Materials/Methods: A phase I trial was designed using the Time to Event – Continuous Reassessment Method (TITE-CRM). Maximum tolerated dose was defined as the dose associated with a 20% probability of CTCAE v4.0 protocol-specified serious adverse events (SAEs; G3+ cardiac, bleeding, neurologic, pulmonary; G4+ GI, skin; any G5) within 6 mo. Starting dose was 3.5 Gy/fx x 15 fx, bracketed by 2 potential escalation and de-escalation levels in 0.25 Gy/fx increments. GTV was gross disease on PET/CT with variable CTV expansion (0 mm nodes, 5 mm tumor) and beam-specific PTV margins planned with a passive-scattering technique. Target coverage could be compromised for spinal cord and brachial plexus, but otherwise coverage was prioritized over protocol-specified organ at risk (OAR) dose constraints with a hard limit of <= 105% Rx. Chemotherapy was weekly carboplatin/paclitaxel with 2 cycles of optional consolidation q3wk carboplatin/paclitaxel.
Results: From 5/2015-9/2016, 23 patients enrolled at a single institution. Of 20 evaluable, median age was 66.5 years (range, 54-89) and 12 (60%) were male. Histology was squamous cell in most (n=14, 70%), and 15 (75%) were stage IIIA. Most (n=19, 95%) completed all 3 cycles of concurrent chemotherapy, and 16 (80%) received at least one cycle (2 – 1 cycle, 14 – 2 cycles) of consolidation chemotherapy. Within the 6 mo TITE-CRM assessment window, no SAEs were reported and most patients were treated at the highest dose level. Dose-level assignment was 52.5 Gy (n=2), 56.25 Gy (n=4), and 60 Gy (n=14). The TITE-CRM posterior probability of dose-limiting toxicity for 60 Gy was 5.3% (95% CI, 1-18.1%). Select acute (<=6 mo) non-heme AEs not categorized as SAEs included G2 esophagitis (n=2, 10%), G2 dysphagia (n=5, 25%), and G2 pneumonitis (n=1, 5%). At a median follow-up of 17.6 mo for all and 22.4 mo for living patients, late (> 6 mo) AEs included G2 dysphagia (n=1, 5%), G2/3 pneumonitis (n=2, 10%), G2/3 vocal cord paralysis (n=2, 10%), G2 pericardial effusion (n=1, 5%), G2 pleural effusion (n=1, 5%), G2 chest wall pain (n=1, 5%), G2 bronchopleural fistula (n=1, 5%, 22 mo), and G3 pleurocutaneous fistula (n=1, 5%, 27 mo). Median overall survival was 27.4 mo. 2-year local, regional, and distant control was 93.3%, 77.1%, and 74.1%, respectively.
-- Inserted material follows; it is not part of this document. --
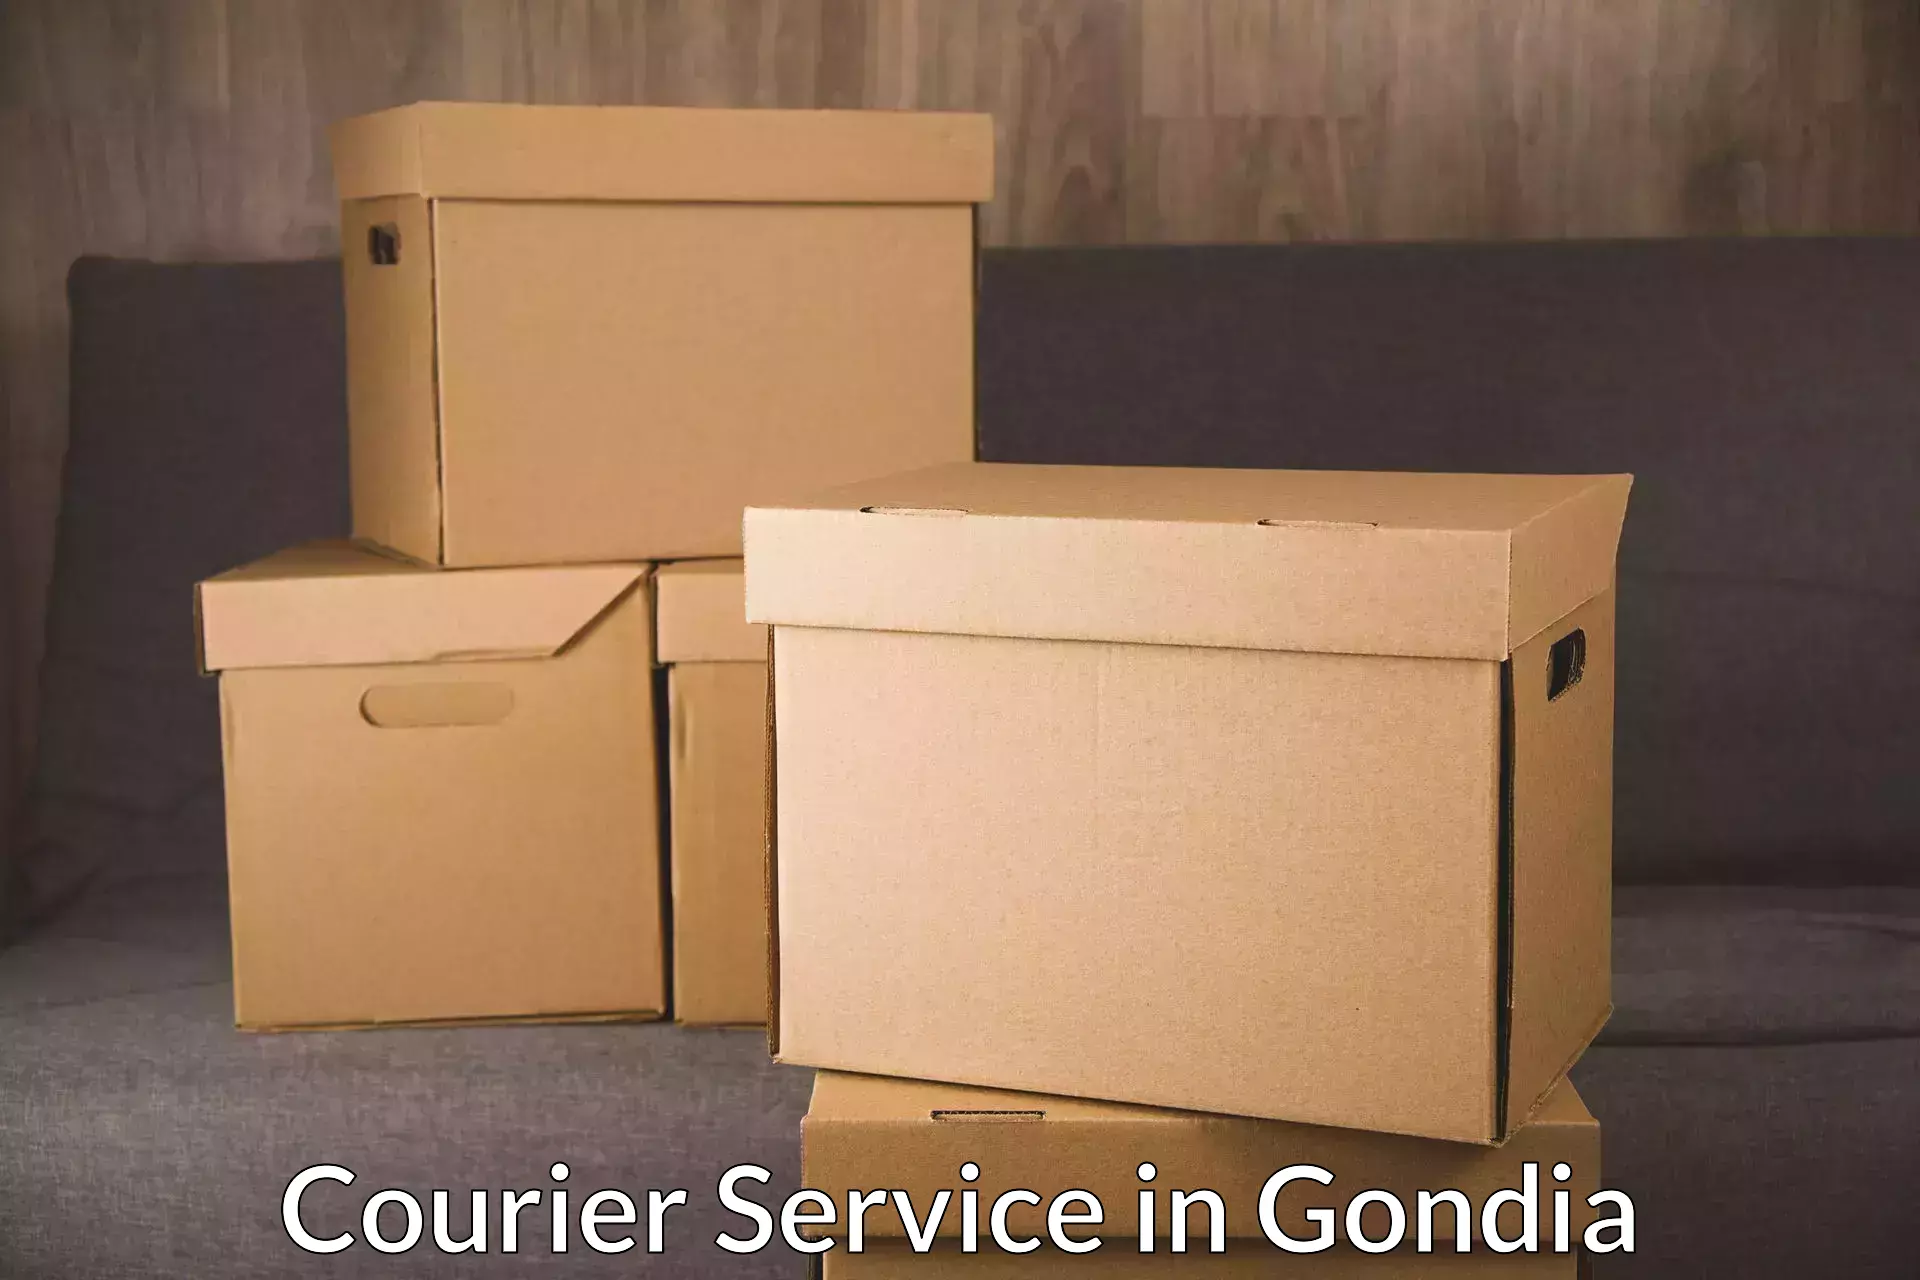 Remote area delivery in Gondia

Conclusion: Accelerated hypofractionated proton therapy and chemotherapy is well tolerated, with high rates of locoregional control and overall survival. Two patients developed late non-life threatening fistulas. Data from this trial will further inform OAR dose limits for hypofractionated RT.
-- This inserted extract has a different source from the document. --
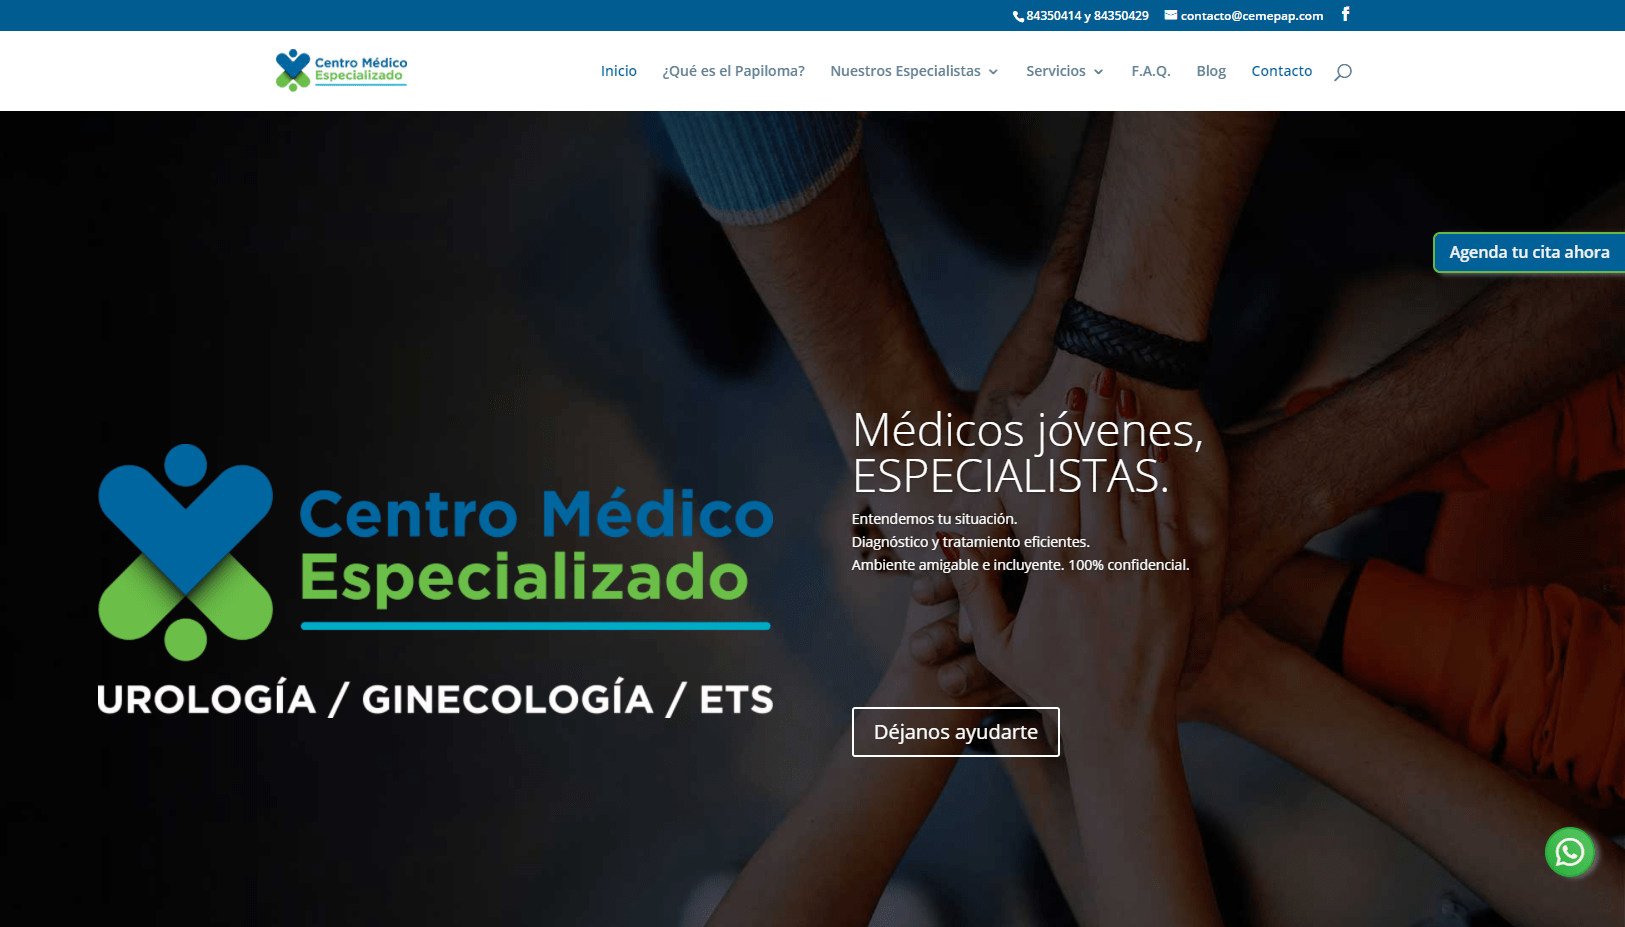 Centro Medico Especializado

Author Disclosure: C.G. Robinson: Research Grant; Varian Medical Systems, Elekta. Speaker's Bureau; Varian Medical Systems, DFINE. Advisory Board; Radialogica. Stock Options; Radialogica. J. Contreras: None. T.A. DeWees: Consultant; Traxxsson. S. Jenkins: None. S. Waqar: None. R. Govindan: Consultant; Boehringer, GSK, Pfizer, Merck, Bayer, Covidien, BMS, Genentech, Mallinckrodt. Chair; IASLC. Co-Chair; TCGA. M.Q. Baggstrom: Employee; St. Alexius Hospital. D. Morgensztern: Honoraria; Boerhimger, Celgene. D. Przybysz: None. M.C. Roach: Travel Expenses; BTG, Varian, Elekta.